To do ▸
Output the whole listing below exactly, omitting the images.

Provided data ▸
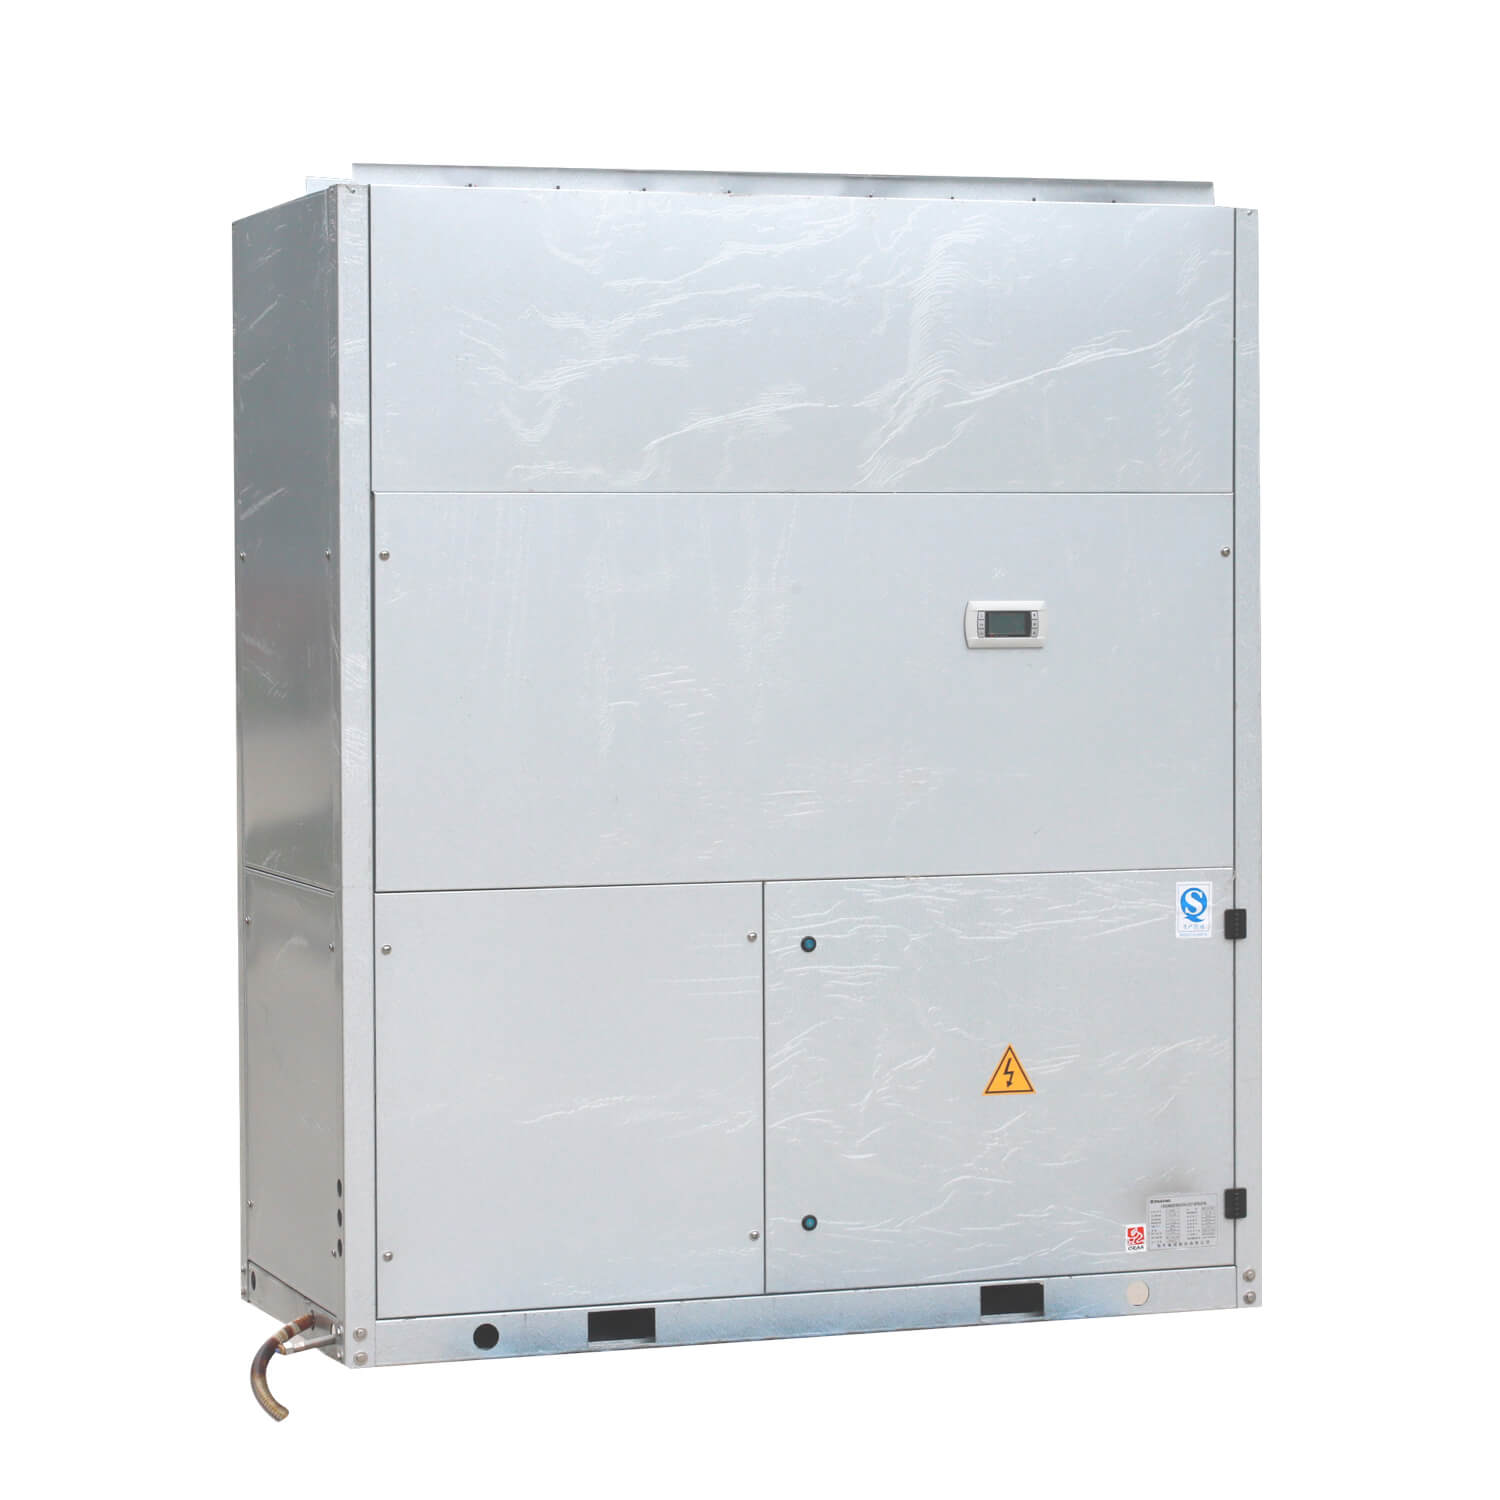 Wasserkühlgerät für gewerbliche Klimaanlagen
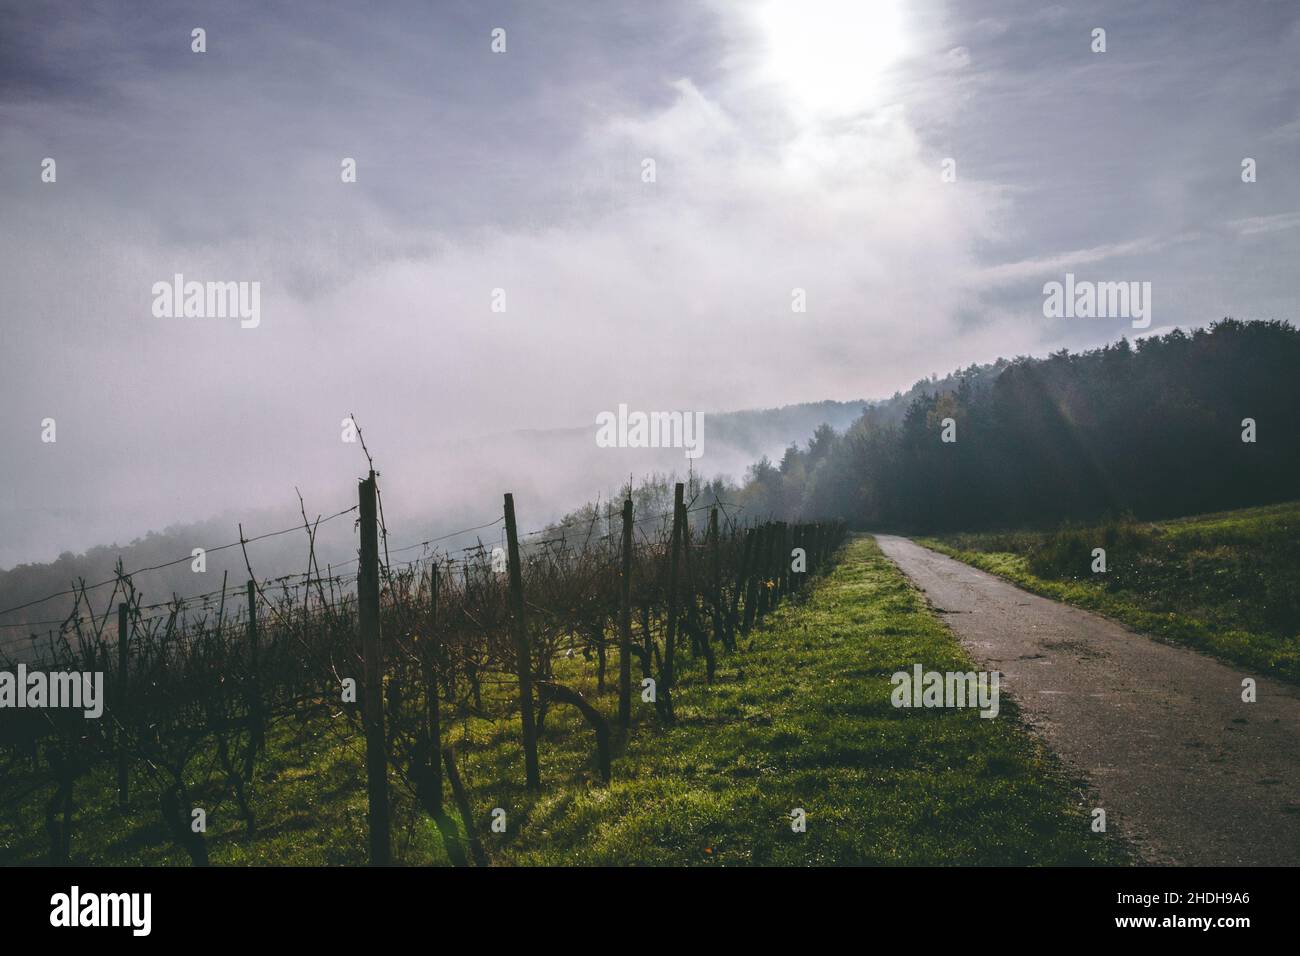 Vineyard in Germany Stock Photo
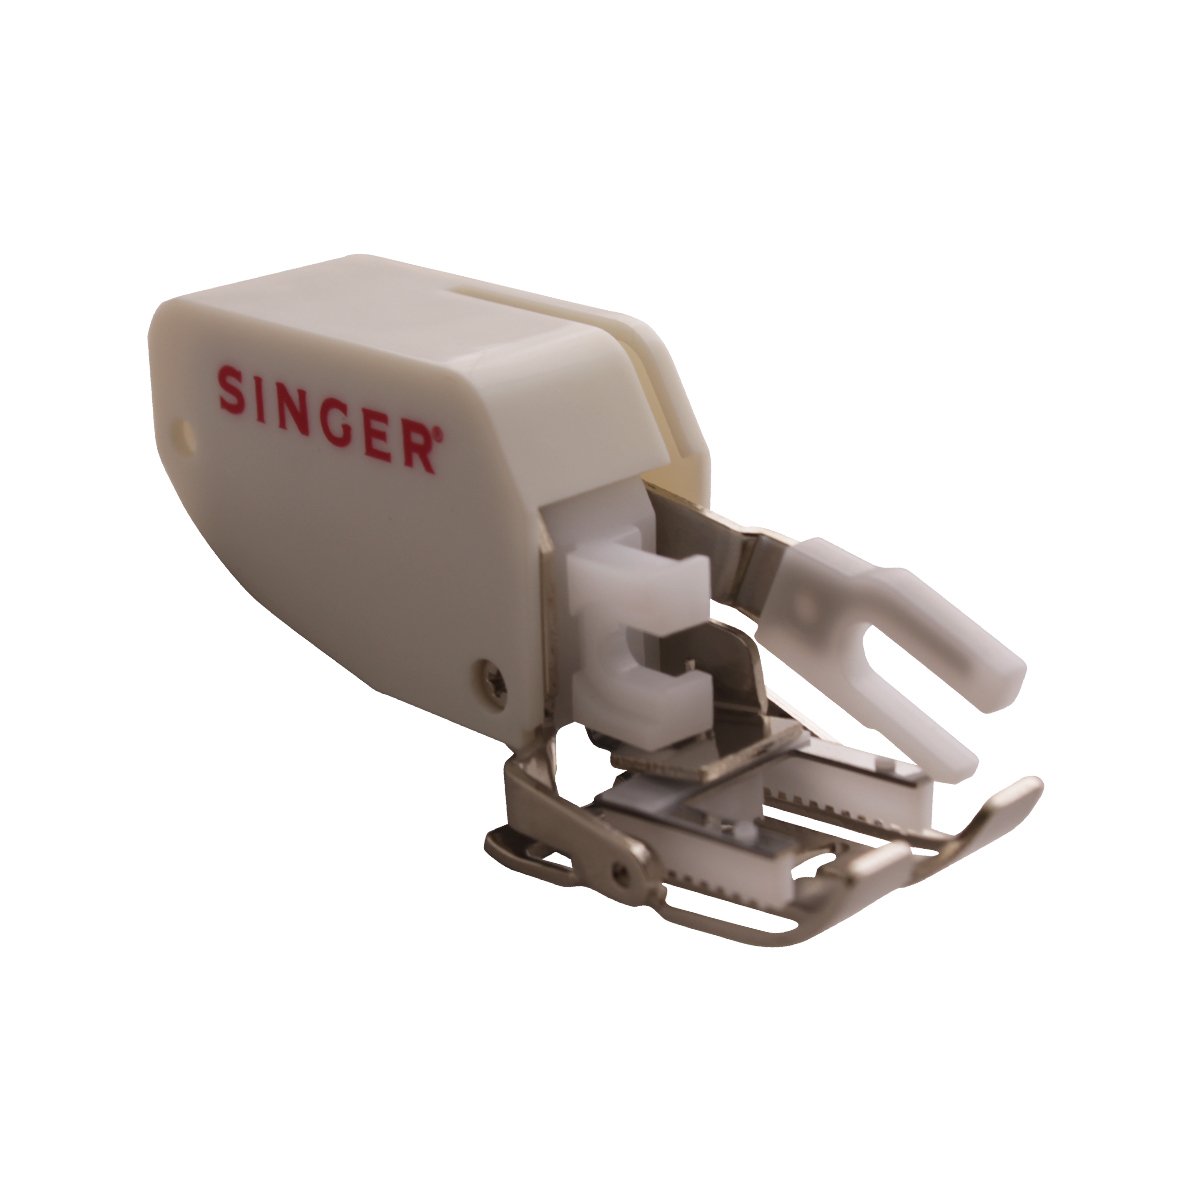 Prensatelas Singer de avance simultáneo para coser colchas y telas gruesas para máquinas de coser de caña baja, 2500271.06

Reply to the exercise ▸
 Wasserkühlgerät für gewerbliche Klimaanlagen
 Vineyard in Germany Stock Photo
 Prensatelas Singer de avance simultáneo para coser colchas y telas gruesas para máquinas de coser de caña baja, 2500271.06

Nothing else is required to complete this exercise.